Vice President Kamala Harris may love yellow school buses, but one Ohio school bus driver has had her fill of them and the teenage bullies who ride them.
Amherst school bus driver Jackie Miller has terrible asthma — a condition the teenagers who ride her bus are well aware of.
But a group of bullies on her route have, she says, for the past two years, done all they could to get the best of her. When one of them allegedly sprayed a burst of perfume in the air just a month after she’d suffered a horrible asthma attack from that very thing, they finally succeeded.
“She sprayed perfume on the bus and I had a horrible asthma attack,” Miller told WKYC of the first incident. “I had to stop the bus, grab my inhaler and try to get my lungs to open up again. I had all the kids open up all the windows. They know this.”
In a now-viral video of the spray that broke the driver’s back, Miller can be seen officially losing it, yelling at the students in a profanity-laced rant that promised, “My foot’s gonna be so far up your a** it’s gonna dangle out your f*****g nose.”
“How much do you expect me to f**king take?” she asked.
The incident caused Miller to resign from her job, but, rather than being ostracized for her outburst, the longtime driver was seen as something of a hero online, likely thanks to a recent stream of national headlines featuring children being beaten senseless by bullies on buses.
Mom of 9-yr-old girl beaten on Florida school bus shares video of son in same scenario one week earlier https://t.co/nLtEDs2Dlr pic.twitter.com/l4d65LHzxQ
— Conservative News (@BIZPACReview) February 10, 2023
“That particular day was challenging to say the very least because it started the minute this core group of students got on the bus,” Miller said of the viral video.
According to Miller, she’s sorry, not sorry.
“I’m sorry for the way this went down, I truly am,” she said. “I do apologize for my actions, but I won’t take it back.”
It’s because of students like the ones who tormented her that the nation is experiencing a shortage of bus drivers, Miller believes.
“This is a plight of all bus drivers, we are treated in the worst possible sense of the word,” she said. “We are treated with such lack of respect.”
The incident is now being investigated by the district.
In a letter provided to WKYC by Amherst Superintendent Mike Molnar, the district told parents:
Dear Amherst Parents,
This evening, I received a video circulating on social media of a bus driver using inappropriate and offensive language towards students. The behavior exhibited by the bus driver is unacceptable and will not be tolerated. I have accepted the bus driver’s resignation effective immediately and the incident will be fully investigated. The actions of the bus driver do not represent the values and standards we uphold as a district and do not reflect our commitment to providing a safe, caring, and compassionate educational environment.
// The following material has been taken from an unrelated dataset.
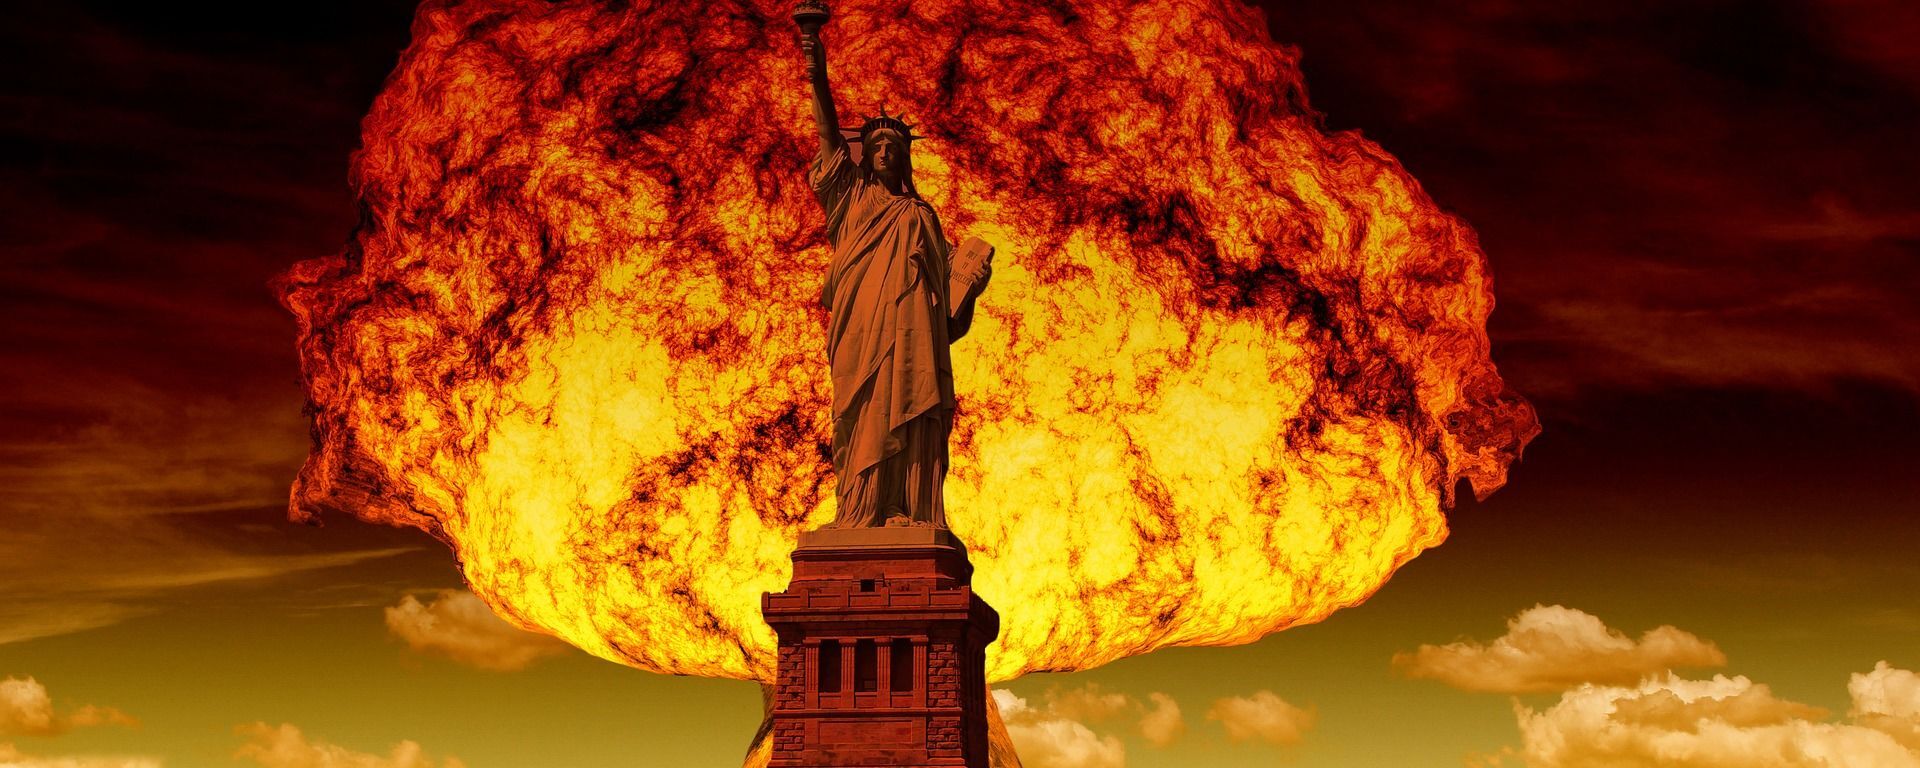 Vụ nổ hạt nhân trước tượng Nữ thần Tự do ở New York - Sputnik Việt Nam, 1920, 03.02.2021

Moving forward, our Transportation Department will review its procedures to make sure we are handling situations appropriately for the safety of our students. The district will also continue to support our bus drivers with proper training and professional development.
As Superintendent, I will continue to focus my energy and efforts on creating a positive and safe environment for all students and staff. I believe that open communication and constructive feedback from our community help us create a stronger and more supportive environment.
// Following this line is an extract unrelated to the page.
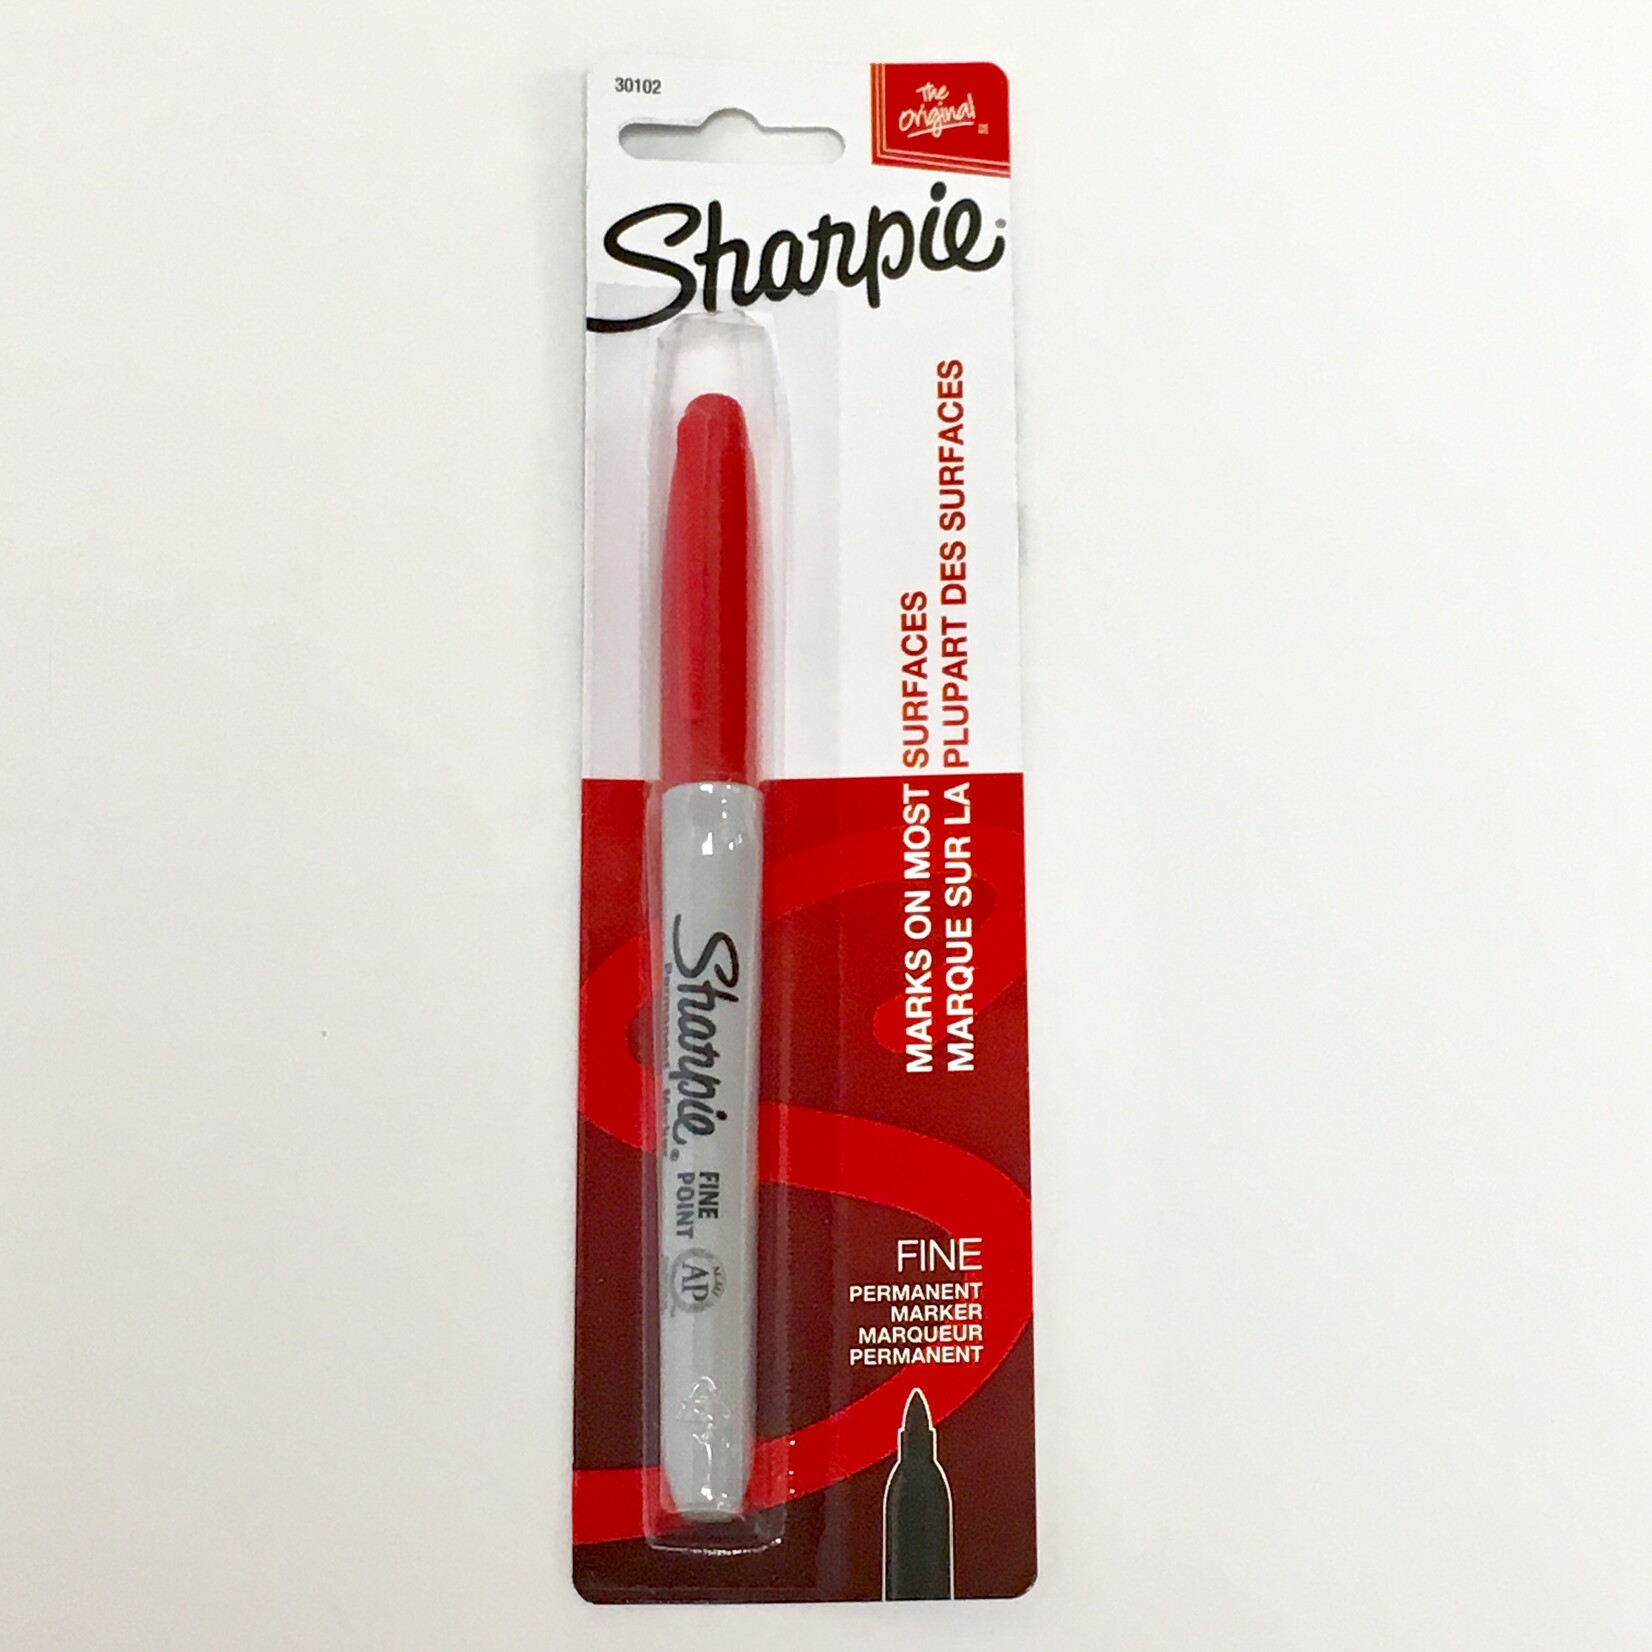 Sharpie Sharpie Permanent Marker Red Fine 1pk

Molnar told WKYC that several students have since been disciplined, but declined to say how many students were involved, what specifically they were being disciplined for, or what kind of punishment they are facing.
Meanwhile, a GoFundMe campaign has been set up for Miller, who is now out of a job. As of this writing, it has raised $58,461.
And to help raise money, an apparel company has printed up t-shirts featuring one of Miller’s more colorful quotes and is donating $5 from every shirt sold to the former driver.
“We all kind of just felt for her in that moment,” said Jacqui Adkins, Mistakes on the Lakes & Main Street Threads owner. “We’ve all had bad days, we’ve all gone through hardships and our hearts just went out for her.”
The support she has received has provided a much-needed boost to Miller’s morale.
“There’s just no words to say how grateful that I am for the people who have supported me,” she told WKYC. “It restores your faith in humanity. It makes you think that not all people are bad, that there’s really good people in the world.”